Downregulation of nuclear progestin receptor (Pgr) and subfertility in double knockouts of progestin receptor membrane component 1 (pgrmc1) and pgrmc2 in zebrafish

Abstract

The progestin receptor membrane components (Pgrmcs) contain two paralogs, Pgrmc1 and Pgrmc2. Our previous research into single knockout of Pgrmc1 or Pgrmc2 suggests that Pgrmc1 and Pgrmc2 regulate membrane progestin receptor or steroid synthesis and therefore female fertility in zebrafish. Additional roles of Pgrmcs may not be determined in using single Pgrmc knockouts due to compensatory roles between Pgrmc1 and Pgrmc2. To address this question, we crossed single knockout pgrmc1 (pgrmc1^-/-) with pgrmc2 (pgrmc2^-/-), and generated double knockouts for both pgrmc1 and pgrmc2 (pgrmc1/2^-/-) in a vertebrate model, zebrafish. In addition to the delayed oocyte maturation and reduced female fertility, significant reduced ovulation was found in double knockout (pgrmc1/2^-/-) in vivo, though not detected in either single knockout of Pgrmc (pgrmc1^-/- or pgrmc2^-/-). We also found significant down regulation of nuclear progestin receptor (Pgr) protein expression only in pgrmc1/2^-/-, which was most likely the cause of reduced ovulation. Lower protein expression of Pgr also resulted in reduced expression of metalloproteinase in pgrmc1/2^-/-. With this study, we have provided new evidence for the physiological functions of Pgrmcs in the regulation of female fertility by regulation of ovulation, likely via regulation of Pgr, which affects regulation of metalloproteinase expression and oocyte ovulation.

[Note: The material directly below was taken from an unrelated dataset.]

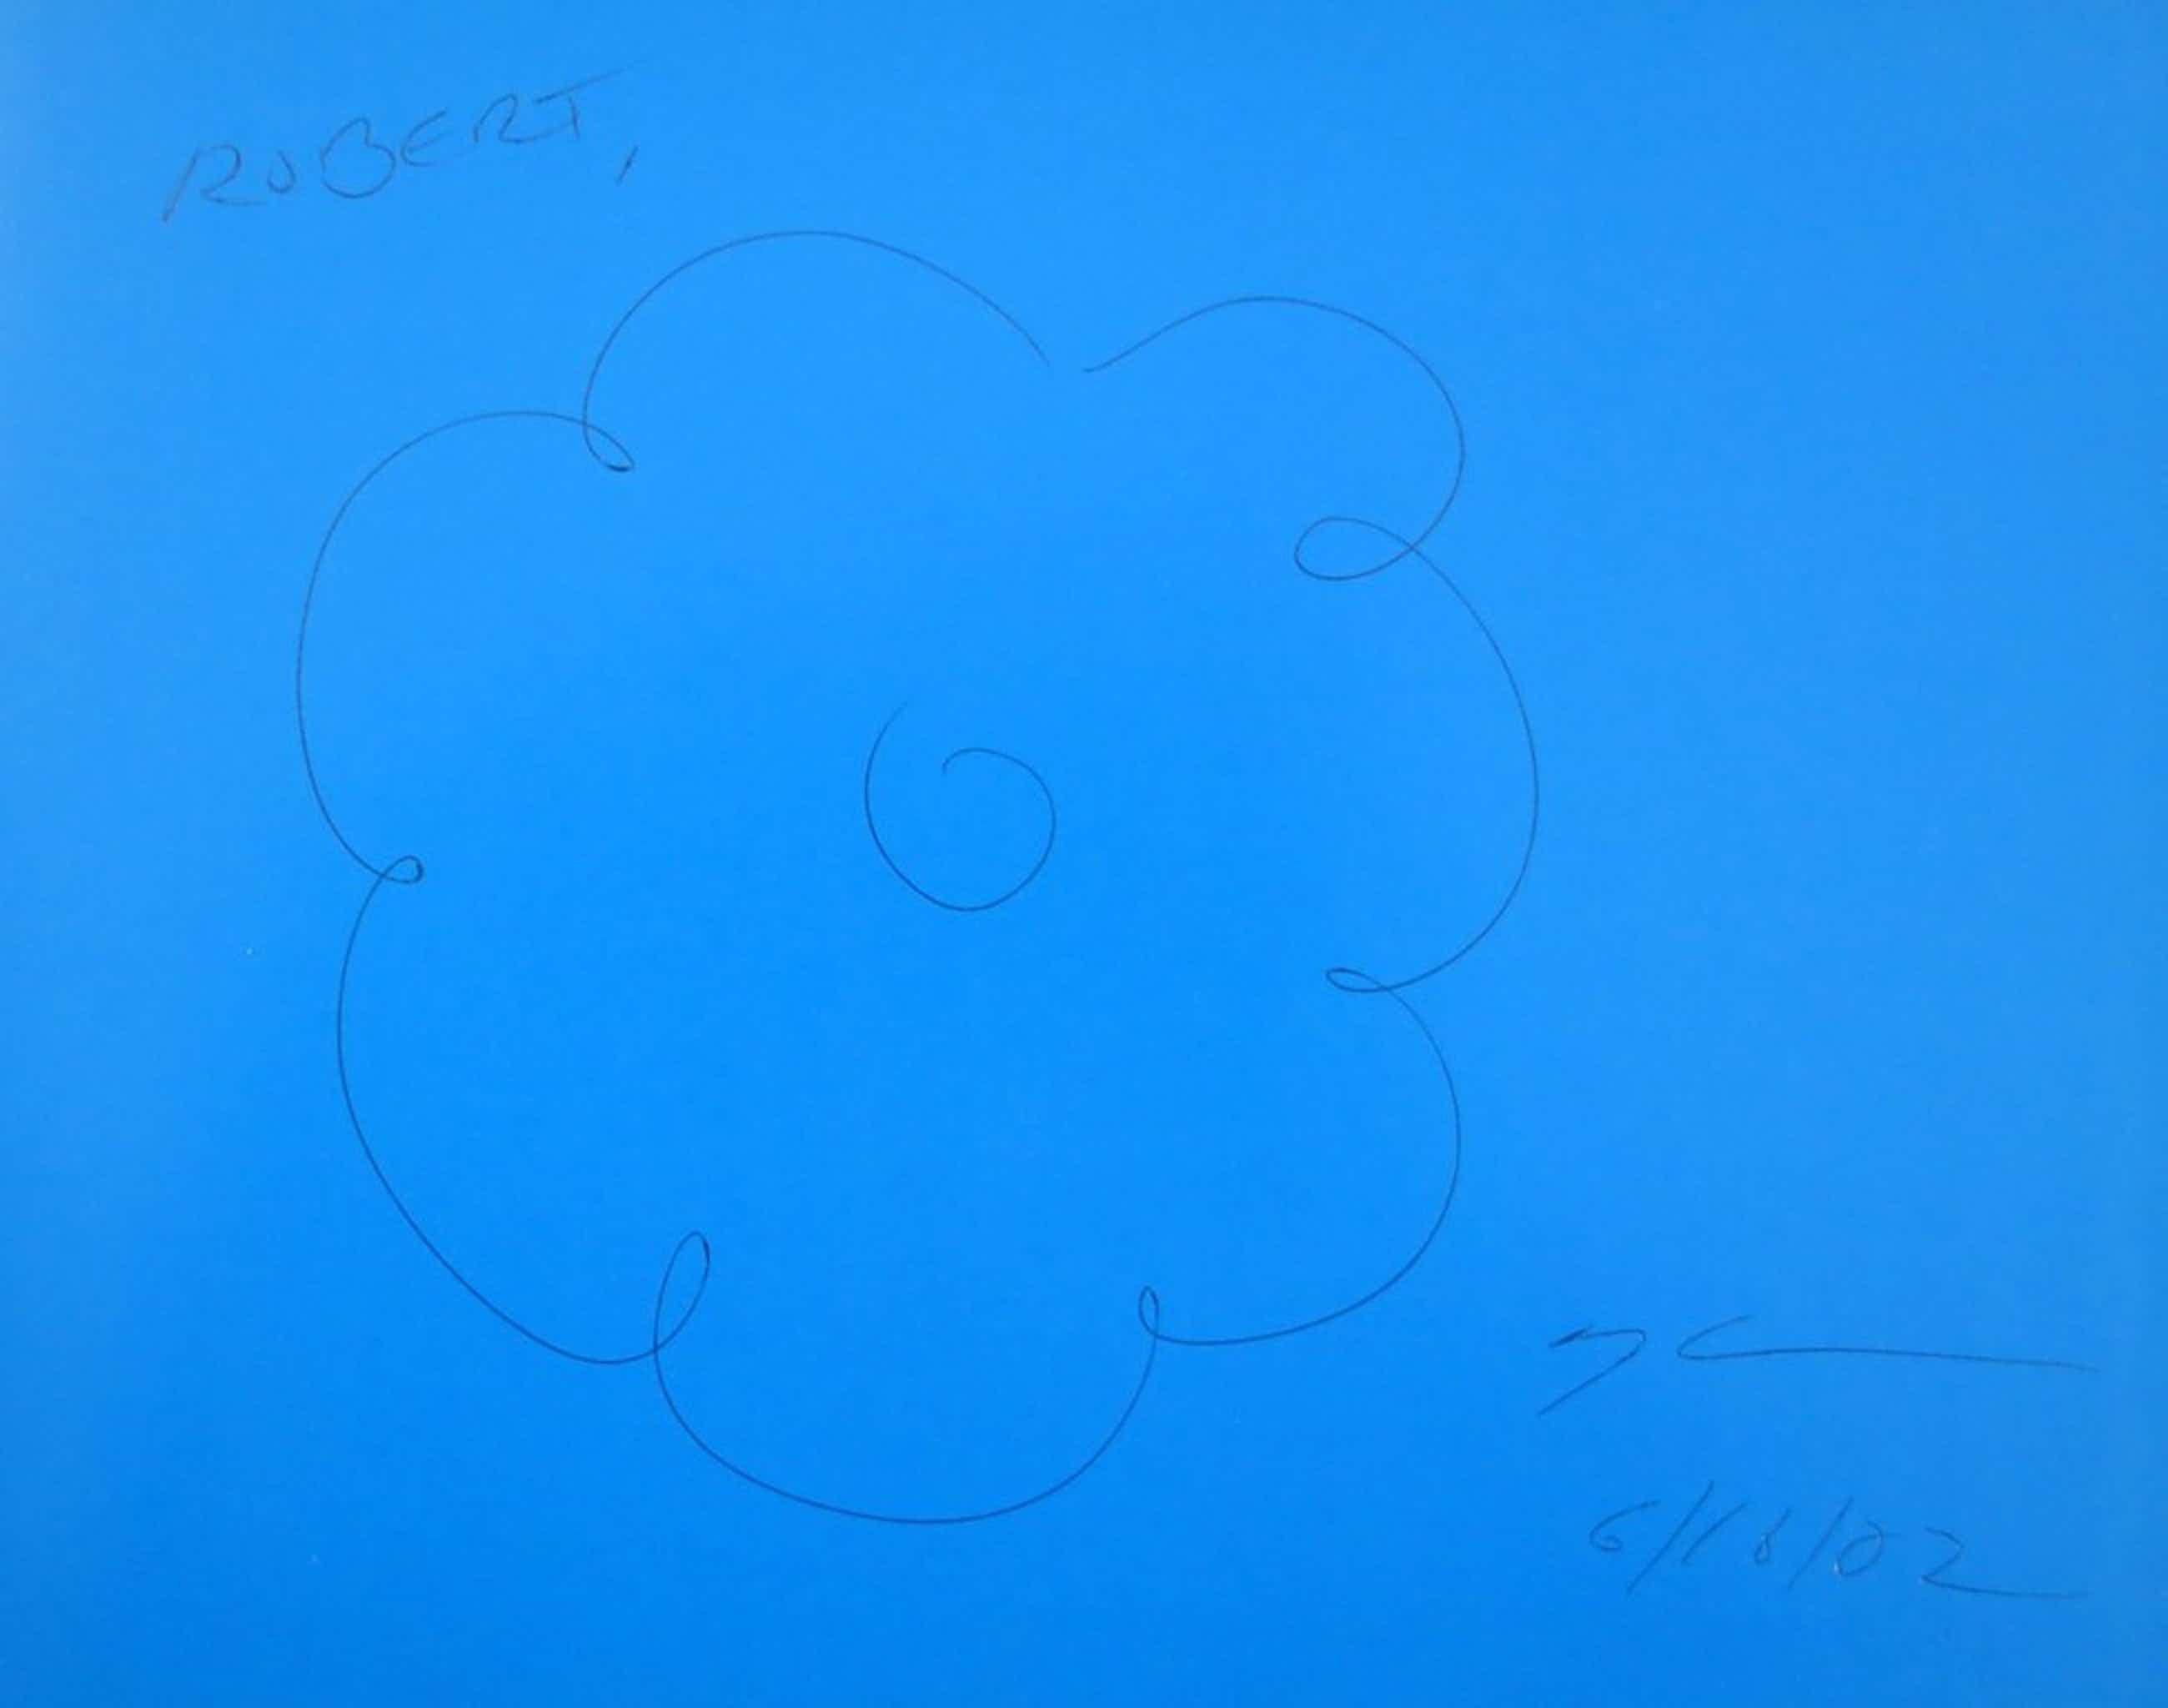 Jeff Koons: Originele pentekening op voorblad van catalogus Easyfun-Ethereal  kopen? Bied vanaf 250!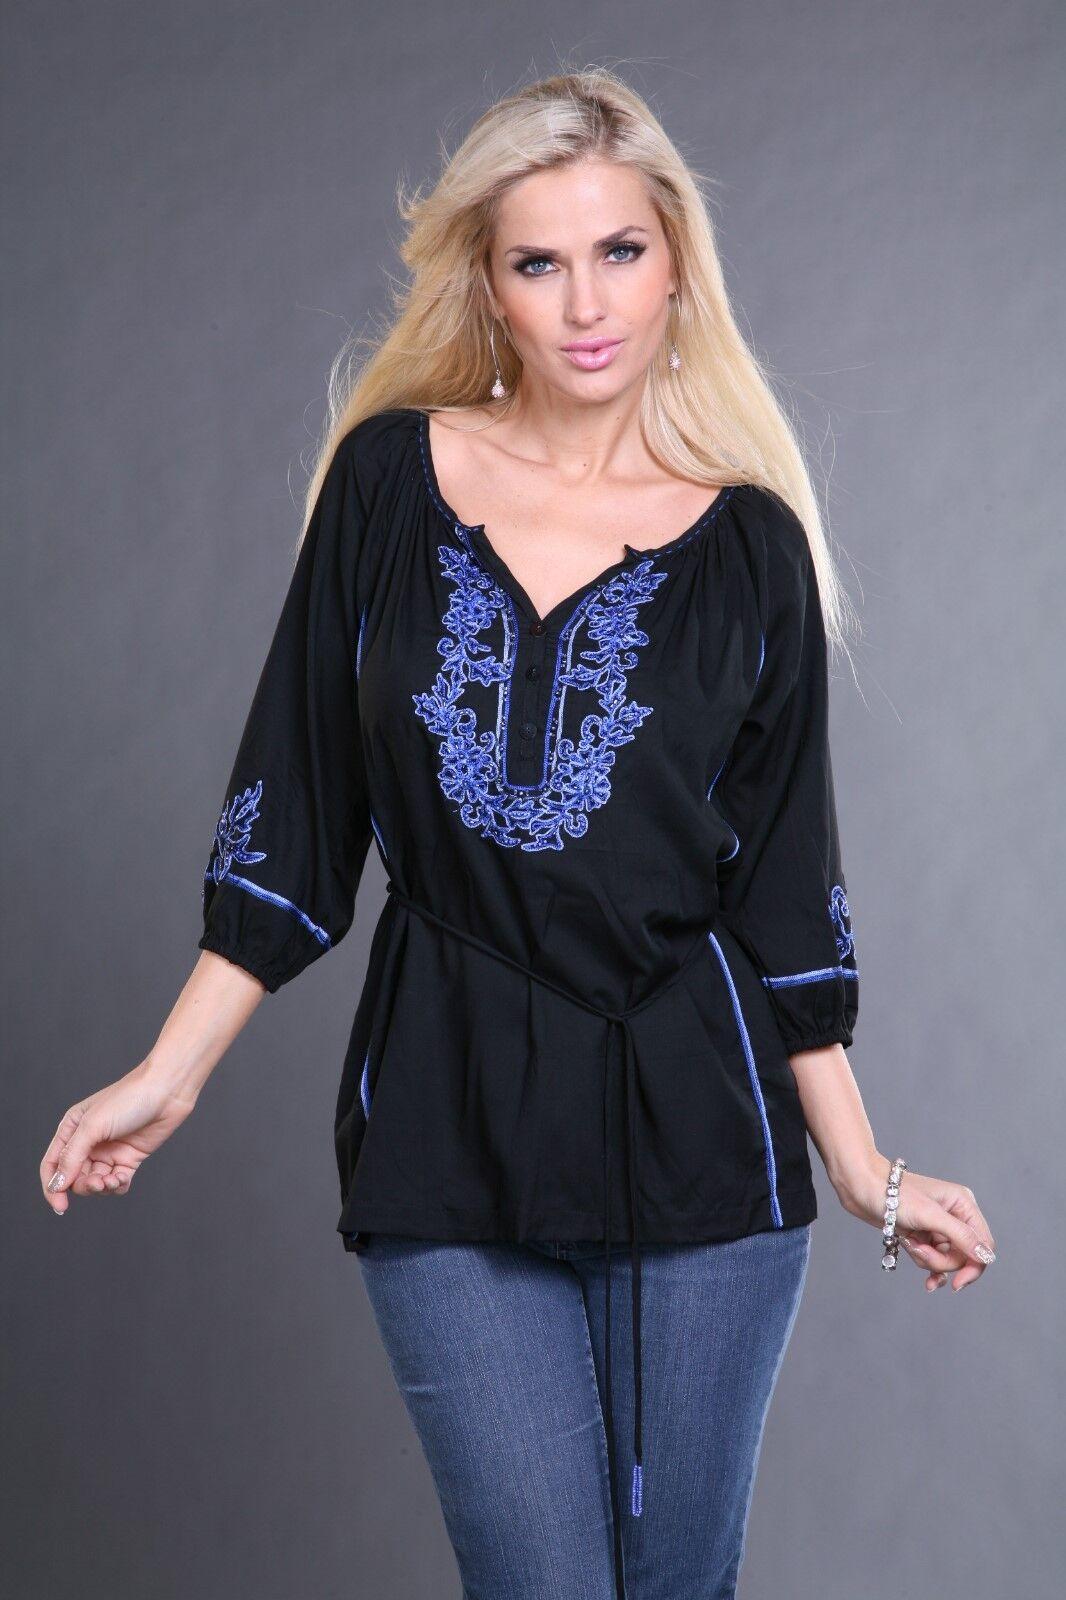 Woherren Top Tunic Blouse Krista Lee Simba schwarz Blau Embroidery Embellished

Keywords: Metalloproteinase; Ovulation; Pgr; Pgrmc1; Pgrmc2; Progestins.

Fig 1.. Reduced fertility in pgrmc1/2^−/− homozygous female zebrafish.

(A) Mutant female zebrafish produced fewer embryos over a two-week mating period than wt females. (B) Mutant females spawned with less frequency than wildtype. (C) pgrmc1/2^−/− females spawned less embryos per day. (D) pgrmc1/2^−/− females spawned less embryos each time they spawned. (E) Wildtype females produced more embryos daily than pgrmc1/2^−/− females. **, p<0.01; ****, p<0.0001.

Fig 2.. Quantification of different stages of oocytes in wt and pgrmc1/2^−/− female ovaries.

Significant numbers of fully-grown immature Stage IVa follicles and matured but not ovulated Stage IVb oocytes were observed in pgrmc1/2^−/− females 30 minutes after room lights were switched. At the same time point, no Stage IVa and Stage IVb follicles could be observed in wildtype females. Further, pgrmc1/2^−/− females had less Stage V oocytes.

Fig 3.. Reduced Pgr expression in the most advanced follicles of pgrmc1/2^−/−.

The night prior to spawning at 21:00, the most advanced stage of oocytes sampled at 21:00 are Stage III oocytes. These oocytes will grow further and develop into Stage IVa oocytes (fully grown but immature) at 06:00. Then, these advanced oocytes will undergo oocyte maturation to become Stage IVb oocytes around 08:00 about 1 hour prior to lights on and ovulation. (A) Expression of pgr transcripts in most advanced stage oocytes from wt or Pgrmc mutants over different developmental time points (21:00, Stage III; 06:00, Stage IVa; 08:00, Stage IVb). (B) Reduced expression of Pgr protein in Stage IVa follicles (06:00) only in pgrmc1/2^−/−. *, p<0.05; **, p<0.01; ***, p<0.001.

Fig 4.. Expression of metallopeptidase in Pgrmc knockouts in comparison to wt in most advanced follicles

(21:00, Stage III; 06:00, Stage IVa; 08:00, Stage IVb.). Low adamts9 expression can be observed in Stage IVb oocytes of all genotypes (pgrmc1^−/−, pgrmc2^−/−, and pgrmc1/2^−/−). In addition, expression of adamts1, adamts8a, and mmp2 was significantly reduced in Stage IVb follicles in pgrmc1/2^−/−. Asterisks indicate a significant difference of transcripts compared to wt at the same time point. adam8b, a distintegrin and metalloproteinase domain 8b; adamts1, a disintegrin and metalloproteinase with thrombospondin type 1 motif 1; adamts8a; adamts9; mmp2, matrix metalloproteinase 2; and mmp9, matrix metalloproteinase 9. *, p<0.05; **, p<0.01; ***, p<0.001; ****, p<0.0001.